Although he missed having her on the team for two seasons, Kepler was supportive of Feeny going on a mission and said it has helped her development in many ways.
“She’s come back grown up and more mature, stronger, more fit and loves being part of the team,” says Kepler. “One thing that going on a mission has helped her is her decision-making process. Knowing that’s just life and being able to roll with the punches a little bit. That’s been a big part of her growth this year. Her mission helped her understand it that things aren’t going to be perfect and we’re just going to roll with it and do the best we can.”
Feeny agrees, saying, “This year, after being back from my mission I feel like I have a different mindset where I haven’t worried so much about the results and worry more about competing and doing my best. As a result, it’s helped me to compete well and to become better than I was before.”

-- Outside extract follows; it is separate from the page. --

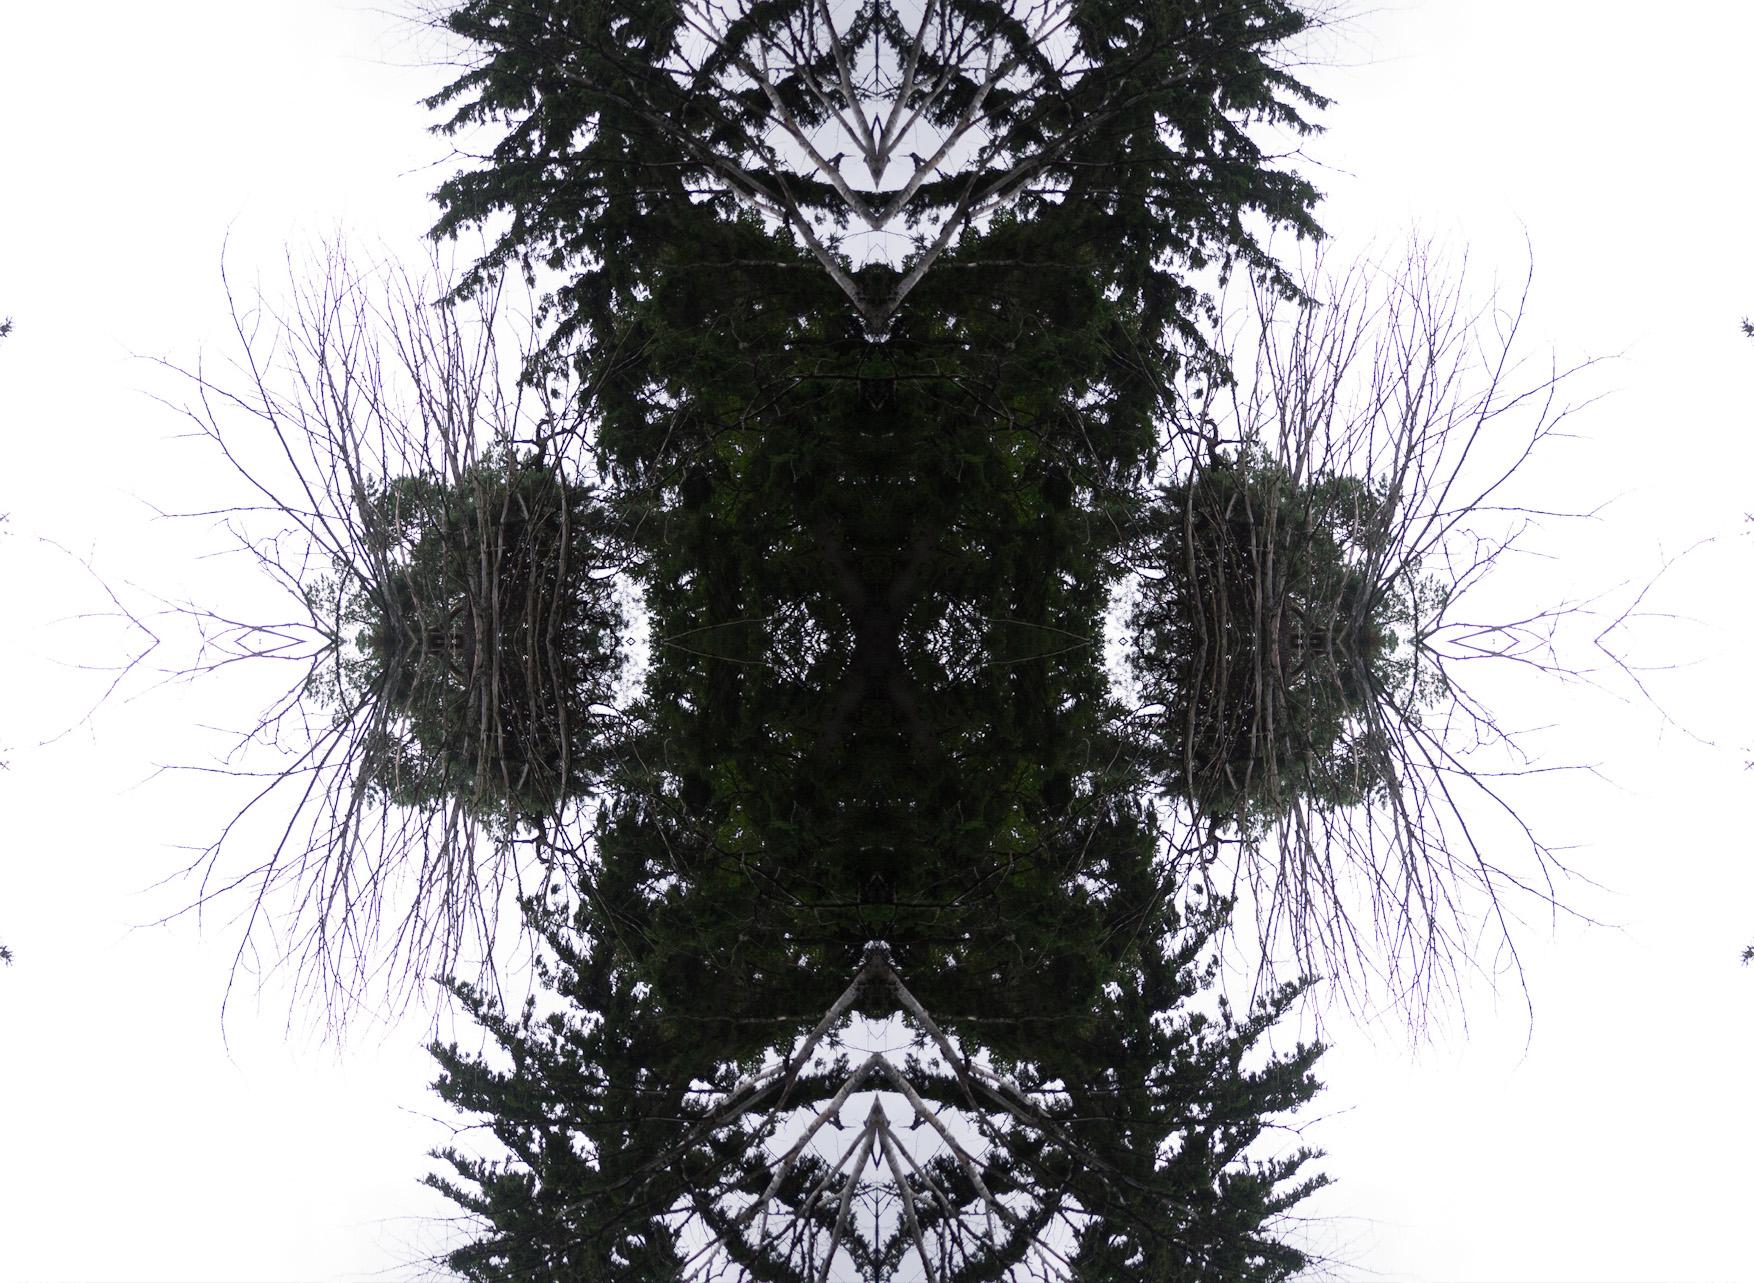 P1020651.jpg

Next up for Feeny is the Pac-12 track and field championships in Tucson this weekend. Only Oregon’s Jessica Hull has run a better 1500 time and only by a little more than a second, so Feeny has a chance to win Utah’s first Pac-12 individual title. In the 5000, she ranks fifth in the conference at 15:41, six seconds behind Hull.
“The Pac-12 meet is essentially the Olympic Trials Lite,” Kepler said about the competition this weekend. “It is so good in every event you've got to be on your game.”2 comments on this story
Not only does Kepler believe Feeny has a chance to win an event this weekend in Tucson, but she “absolutely” should be in the mix in the 1500 at the NCAA meet next month.

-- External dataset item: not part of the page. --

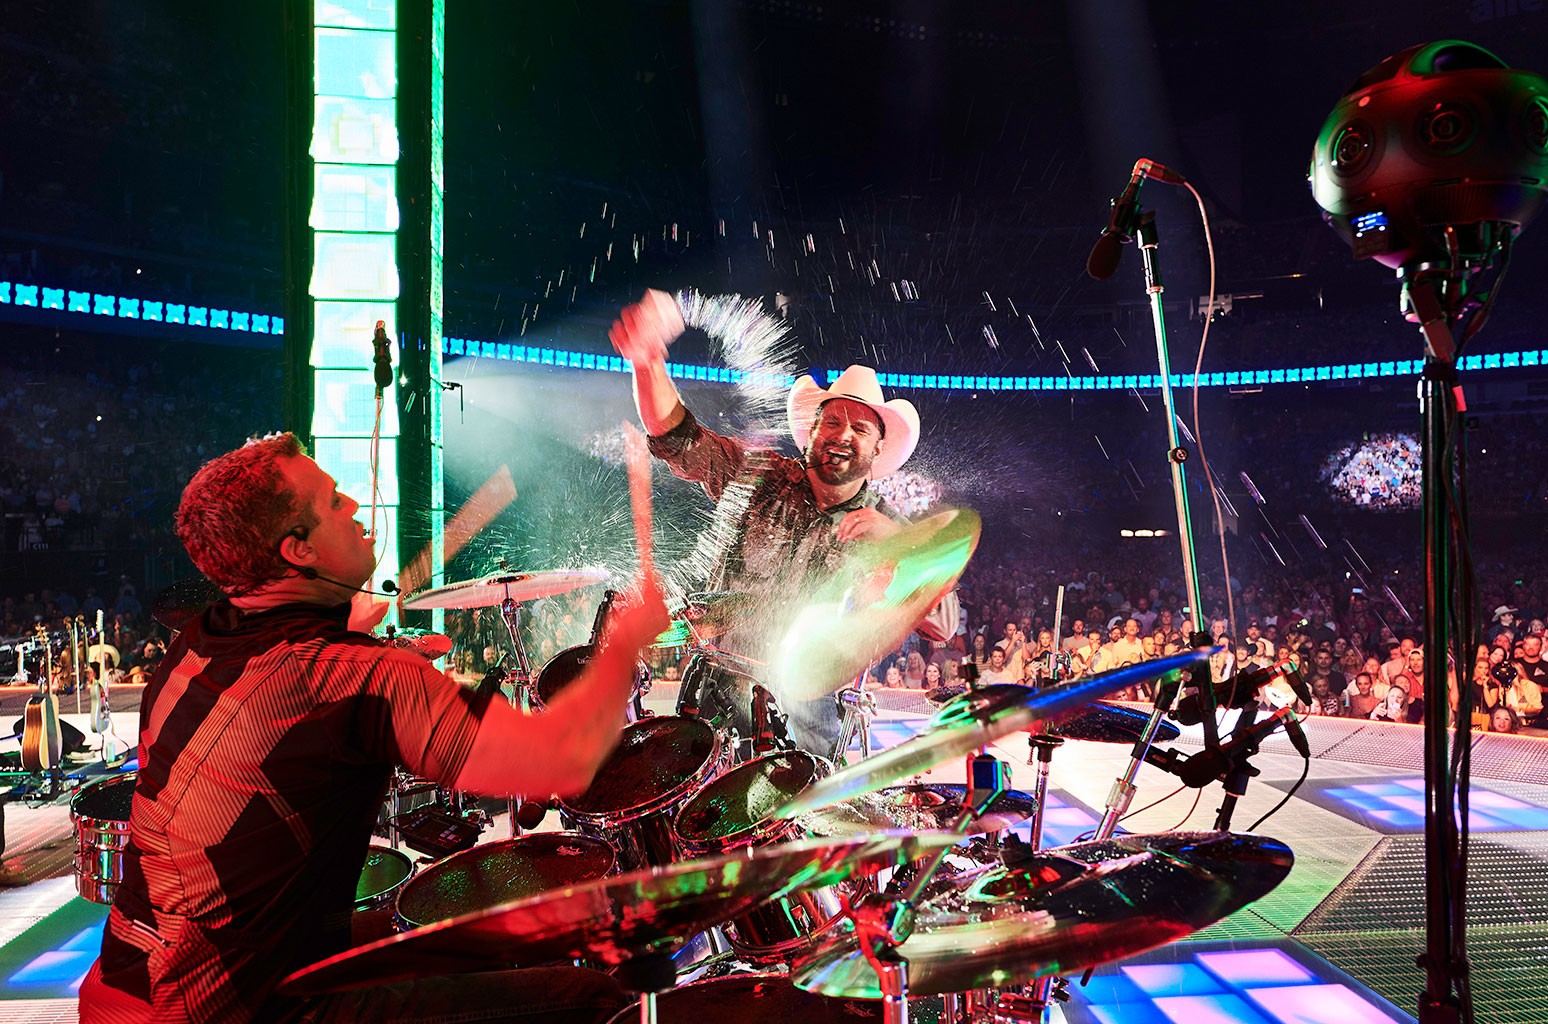 Stadium Concerts Are Back: Inside Garth Brooks' Huge Show at Las Vegas' 'Death Star'

“The mission and the extra time and the mental growth has allowed her to take the next leap,” Kepler said. “She’s extremely strong-willed, a hugely positive human being, believes in herself and is not afraid. She’s one of the most natural racers I’ve ever had, and she’s so coachable. She cares at the highest level not only about her own improvement but about her teammates; she gets as much energy out of them improving as she does herself.”